Неделю спустя, 7 июня 1935 года, Мичурина не стало. Все газеты страны опубликовали траурное сообщение. На следующий день в "Правде" вышла статья Вавилова. Называлась она кратко – "Подвиг". Крупнейший биолог-теоретик Советского Союза не только высочайшим образом оценил подвиг Мичурина-практика, но и воздал должное мичуринскому теоретическому наследию. "Его труд проникнут материалистической философией, и многие положения его совершенно оригинальны. Во всех своих трудах Мичурин зовет к самостоятельности, к творческой работе".

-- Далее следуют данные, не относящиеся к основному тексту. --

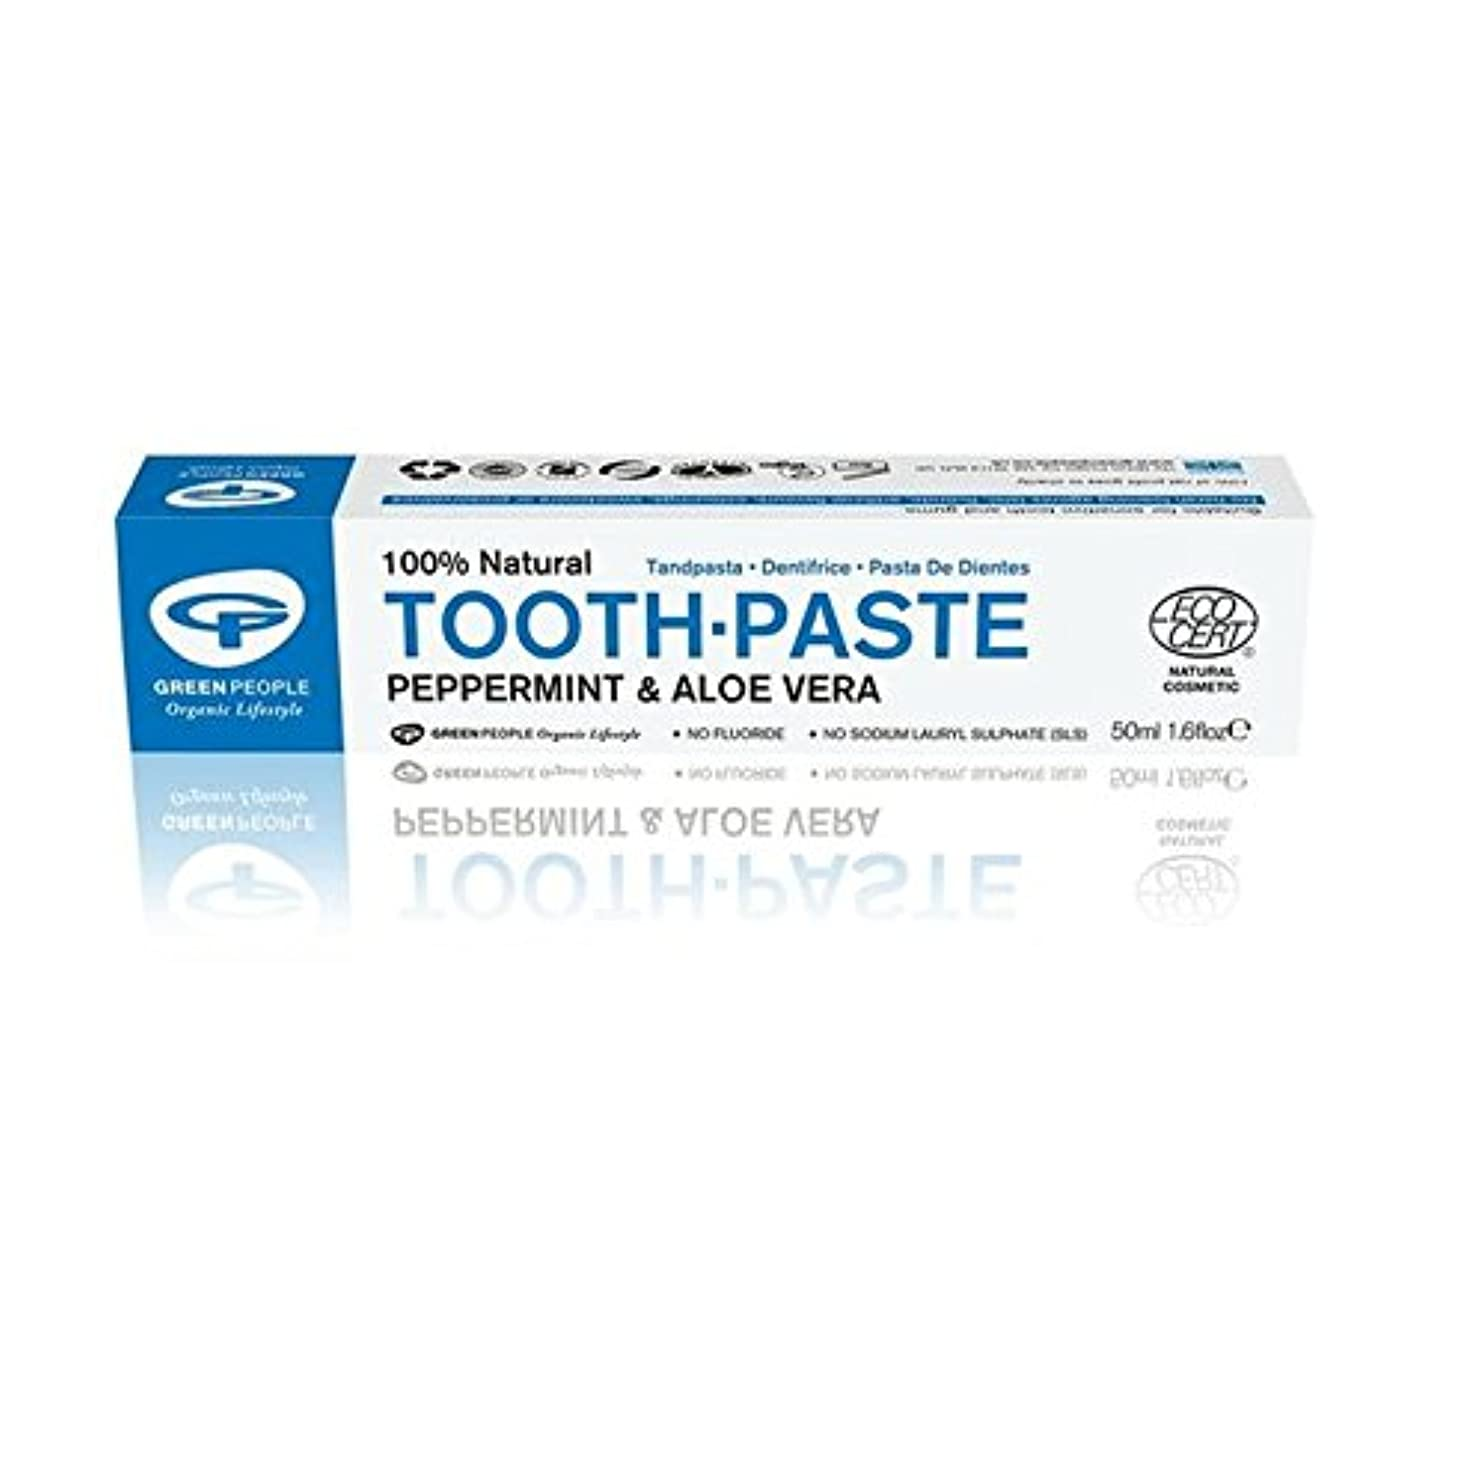 ヘルパー孤独大きさGreen People Natural Mint Toothpaste 50ml (Pack of 6) - 緑の人々の自然ミント歯磨き粉50ミリリットル x6 [並行輸入品]

Такова правда об отношениях между Вавиловым и Мичуриным. Казалось бы, из приведенных фактов мудрено сделать вывод о том, что Вавилов "антимичуринец". Но нашлись люди, которые заявили тем не менее, что хотя Николай Иванович и не был личным врагом Ивана Владимировича, но он противник, враг теоретических принципов Мичуринской селекции, а посему…

Проверим и это обвинение.

Обращаясь к молодежи, восьмидесятилетний старец, призванный мастер селекции Иван Мичурин, призывал молодых исследователей спорить с ним, а если у оппонентов есть свои собственные проверенные наблюдения, то, не стесняясь, опровергать его, Мичурина, взгляды. В этих словах весь Иван Владимирович – человек труда, собственными руками добывающий факты науки, с достоинством и симпатией глядящий навстречу новому поколению.